In response to challenges in software supply chain security, several organisations have created infrastructures to independently build commodity open source projects and release the resulting binaries. Build platform variability can strengthen security as it facilitates the detection of compromised build environments. Furthermore, by improving the security posture of the build platform and collecting provenance information during the build, the resulting artifacts can be used with greater trust. Such offerings are now available from Google, Oracle and RedHat. The availability of multiple binaries built from the same sources creates new challenges and opportunities, and raises questions such as: 'Does build A confirm the integrity of build B?' or 'Can build A reveal a compromised build B?'. To answer such questions requires a notion of equivalence between binaries. We demonstrate that the obvious approach based on bitwise equality has significant shortcomings in practice, and that there is value in opting for alternative notions. We conceptualise this by introducing levels of equivalence, inspired by clone detection types. We demonstrate the value of these new levels through several experiments. We construct a dataset consisting of Java binaries built from the same sources independently by different providers, resulting in 14,156 pairs of binaries in total. We then compare the compiled class files in those jar files and find that for 3,750 pairs of jars (26.49%) there is at least one such file that is different, also forcing the jar files and their cryptographic hashes to be different. However, based on the new equivalence levels, we can still establish that many of them are practically equivalent. We evaluate several candidate equivalence relations on a semi-synthetic dataset that provides oracles consisting of pairs of binaries that either should be, or must not be equivalent.
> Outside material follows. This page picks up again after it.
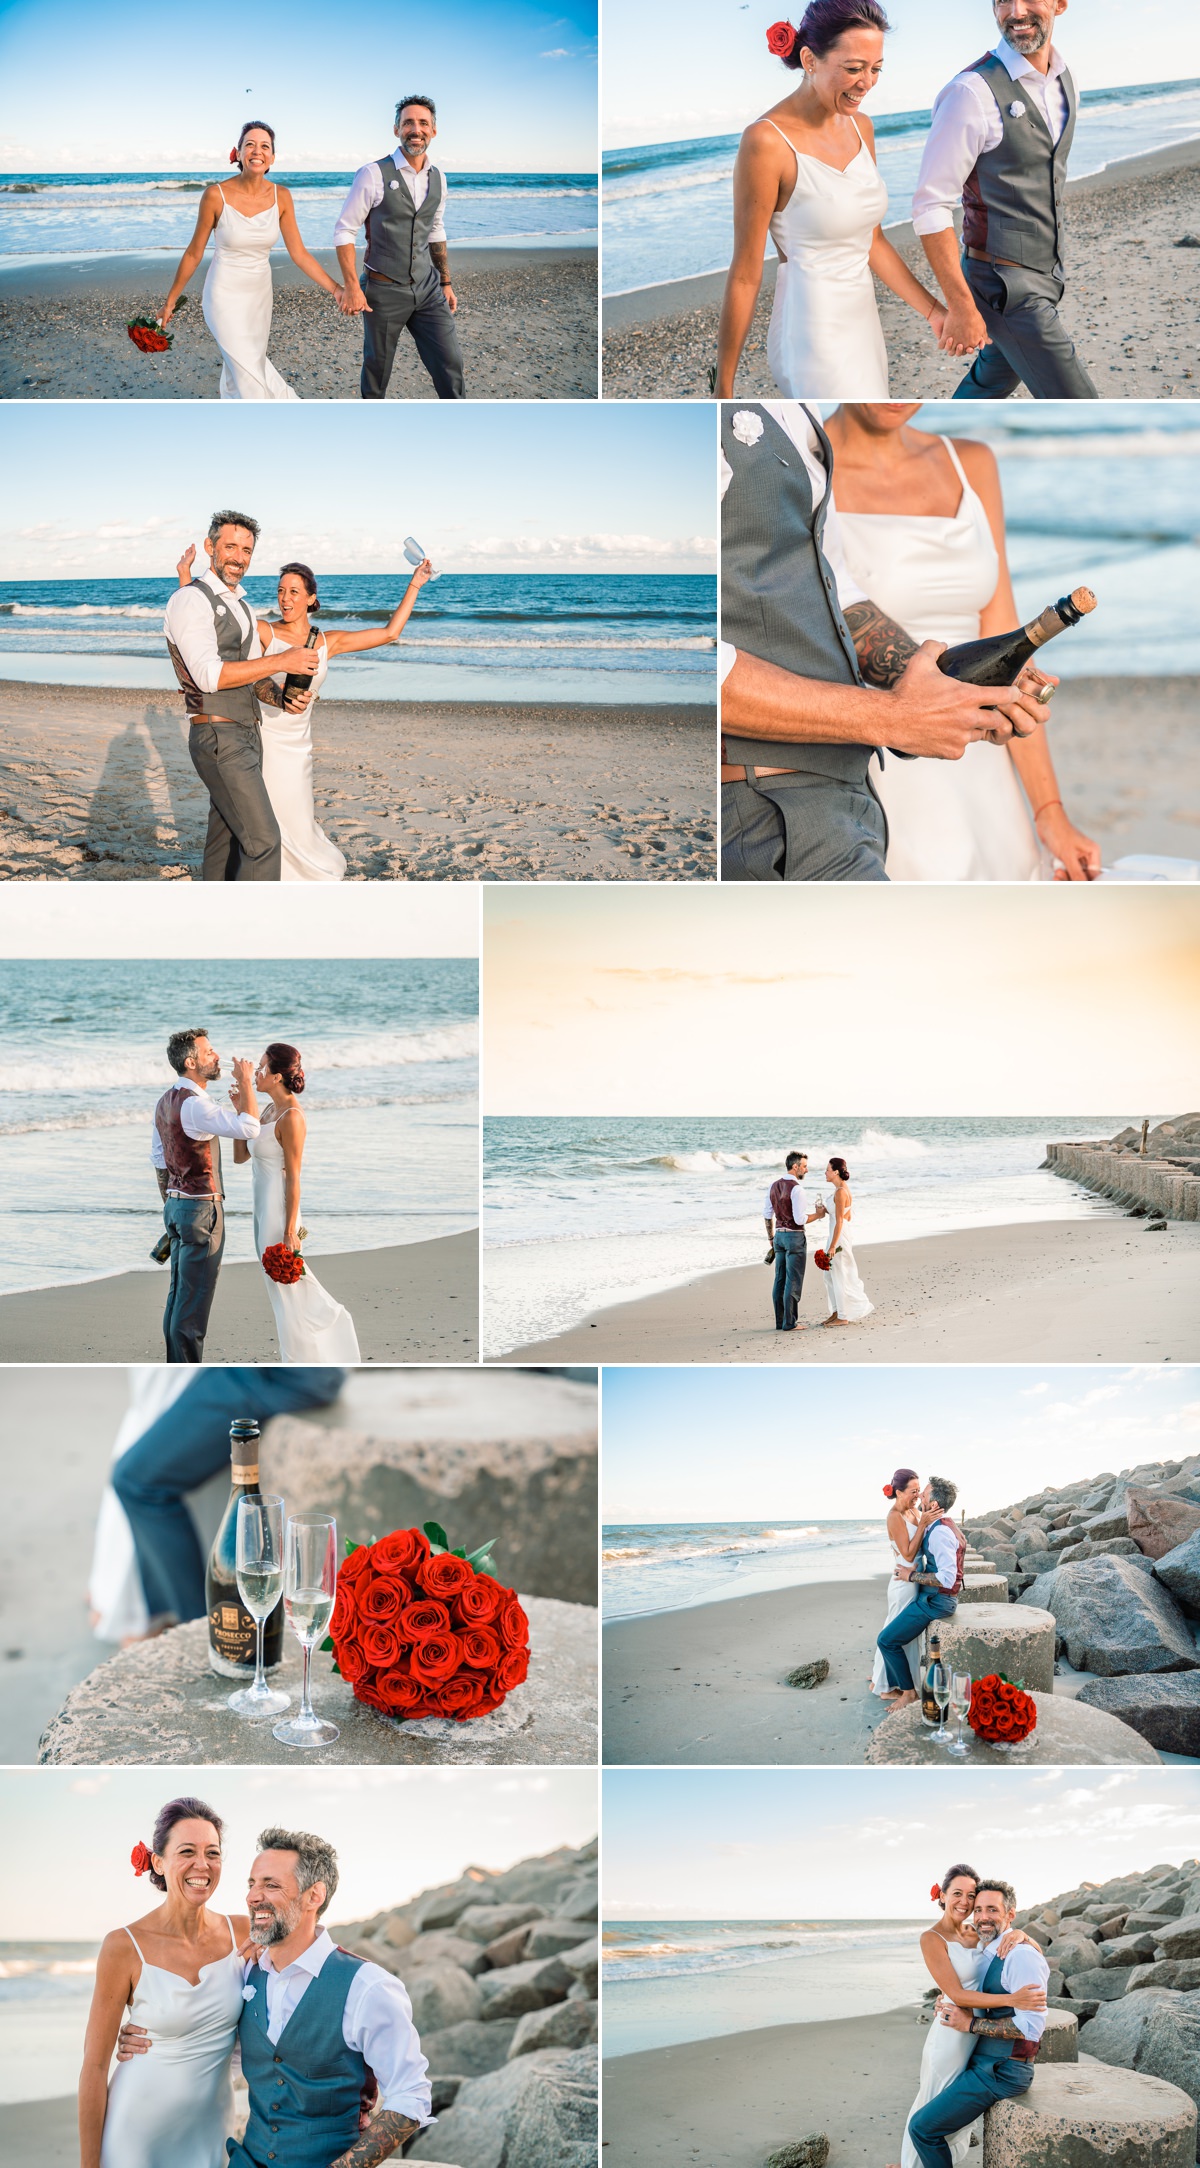 Bride & Groom on the beach - Wedding photos - Fort Fisher - Beach Wedding - Ocean - Bride - Groom - Sunset - Micro Weddings - Fort Fisher Photographers -  Chris Lang Photography
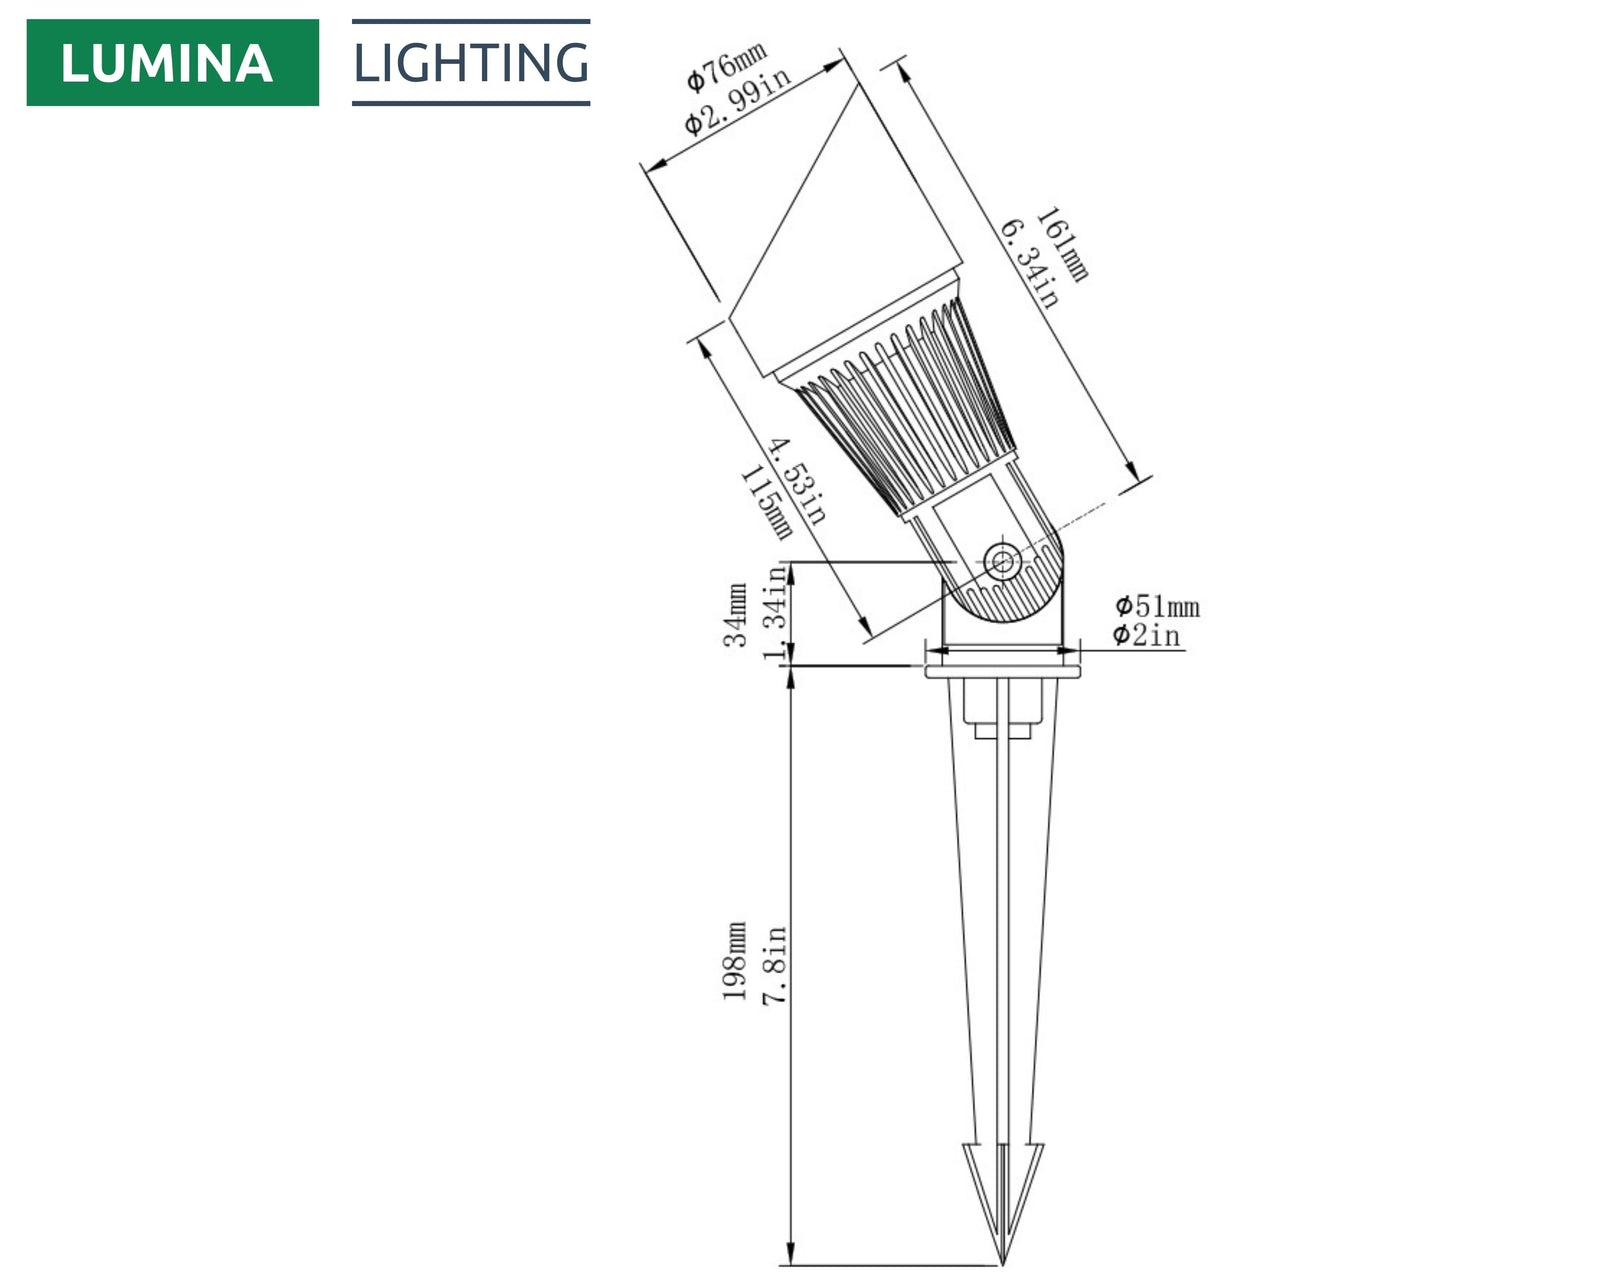 Lumina Lighting® 5W Landscape Spotlights | Low Voltage Landscape Lighting Lights - 12V 3000K | Replaceable MR16 LED Bulb (Black, 2-Pack)

翻译：为应对软件供应链安全挑战，多家机构已建立独立构建通用开源项目并发布生成二进制文件的基础设施。构建平台的可变性能够增强安全性，因其有助于检测遭破坏的构建环境。此外，通过改善构建平台的安全态势并在构建过程中收集溯源信息，生成的可执行文件可获得更高信任度。此类服务现已由谷歌、甲骨文和红帽公司提供。同一源码生成多个二进制文件的可用性带来了新挑战与机遇，并引发诸如"构建A是否确认构建B的完整性？"或"构建A能否揭示构建B遭破坏？"等问题。回答这些问题需要建立二进制文件间的等价性概念。我们证明基于比特级相等的传统方法在实践中存在显著缺陷，而采用替代性等价概念具有重要价值。受克隆检测类型启发，我们通过引入等价性层级对此进行概念化。通过多项实验验证了这些新层级的价值。我们构建了由不同供应商独立构建同源Java二进制文件组成的数据集，共计14,156对二进制文件。通过比较这些jar文件中编译的类文件，发现在3,750对jar文件（26.49%）中至少存在一个差异文件，这也导致jar文件及其密码学哈希值必然不同。然而基于新的等价性层级，我们仍可判定其中多数文件具有实际等价性。我们在半合成数据集上评估了若干候选等价关系，该数据集提供了由应等价或必不等价的二进制文件对组成的判定基准。